C.W. Wrigley, Food Science Australia and Wheat CRC, North Ryde (Sydney), NSW 1670, Australia; F. Békés and Colin R. Cavanagh, CSIRO Plant Industry, Canberra, ACT 2600, Australia; W. Bushuk, Food Science, University of Manitoba, Winnipeg, MB R3T 2N2, Canada
Gliadin and Glutenin: The Unique Balance of Wheat Quality
Pages 447-451
DOI: https://doi.org/10.1094/9781891127519.020
ISBN: 978-1-891127-51-9
Abstract
Looking back a century or so to the late nineteenth century, we see a great contrast in knowledge about gluten composition and function as it was then, compared to our present position in the first decade of the twenty-first century. The naïve concept of two simple homogeneous proteins in balance—gliadin and glutenin—has been replaced by a view of their great complexity and heterogeneity. Nevertheless, the concept of their balance remains, with an awareness that gluten's unique rheological properties depend on the interaction of smaller monomeric gliadin proteins “lubricating” the elasticity of large glutenin polymers, ranging in size up to tens of millions in molecular weight.

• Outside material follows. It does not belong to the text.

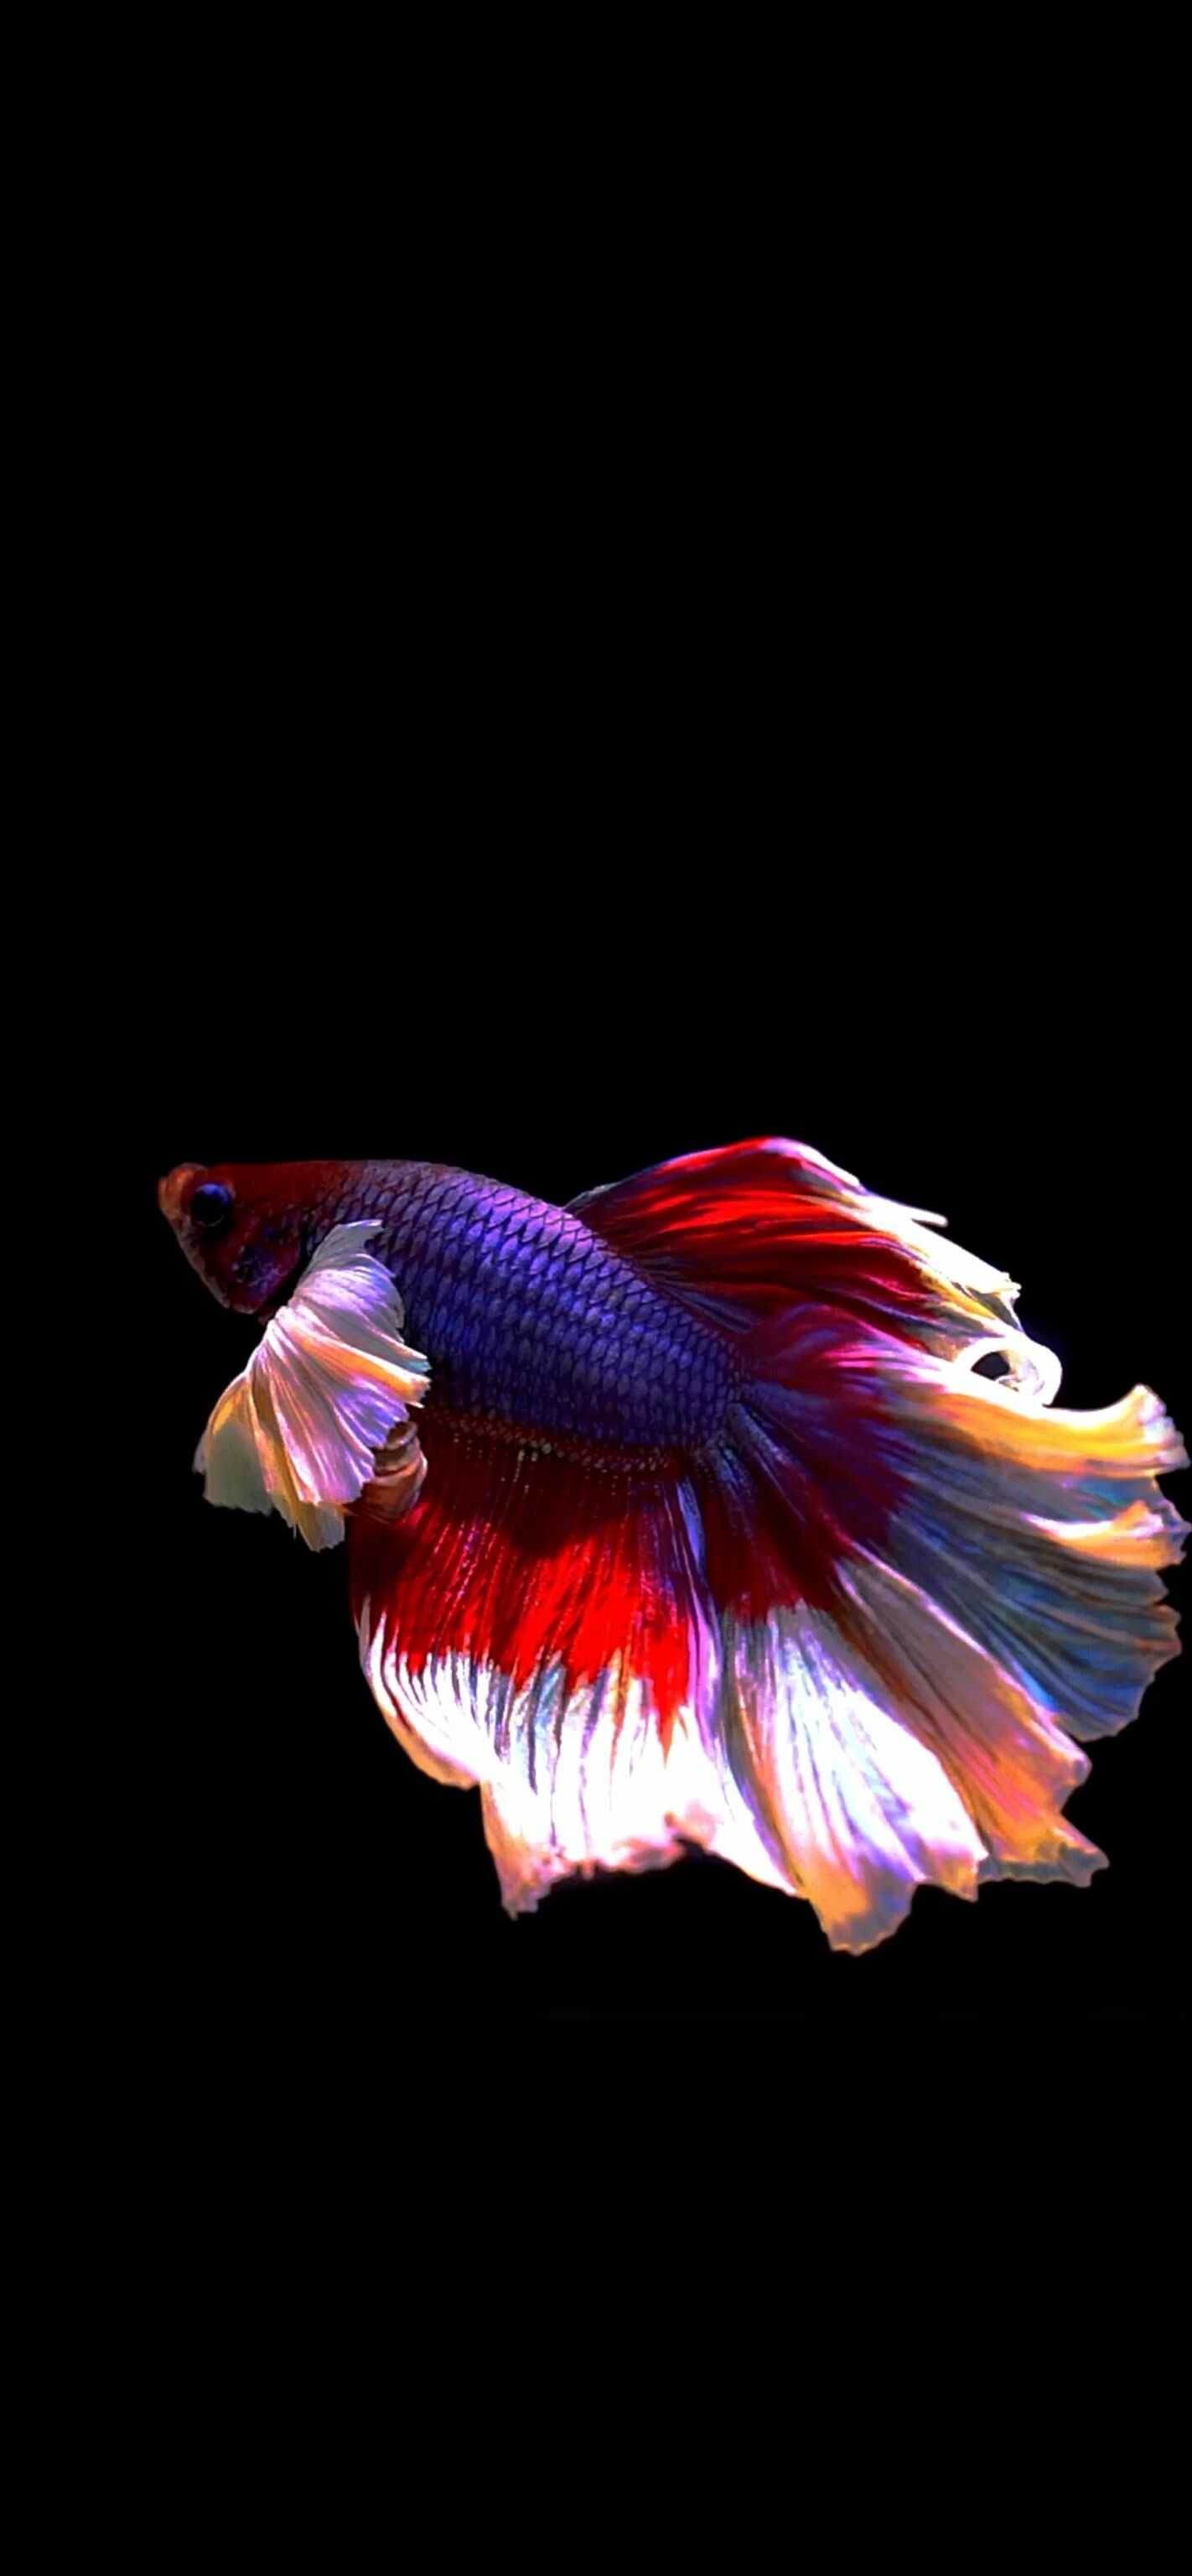 Fish: Betta, Aquatic vertebrates. 1430x3080 HD Wallpaper.

The research assault on gliadin has made progress especially since the 1960s with the development of novel methods of protein fractionation with progressively greater resolving powers (Chapters 2–4). A decade or so later, the “black box” of glutenin was opened up to reveal the range of polypeptides that crosslink to make up its enormous polymers (Chapters 5–7). More recently, gene technologies have combined with recent methods of protein chemistry to provide specific details of composition, plus sequence information for both nucleotides and amino acids at the gene and polypeptide levels, respectively. Technologies of genetic manipulation now permit the tailoring of “designer” genes and proteins, providing variants of native gluten polypeptides, thereby to elucidate the significance of structural features (Chapter 12).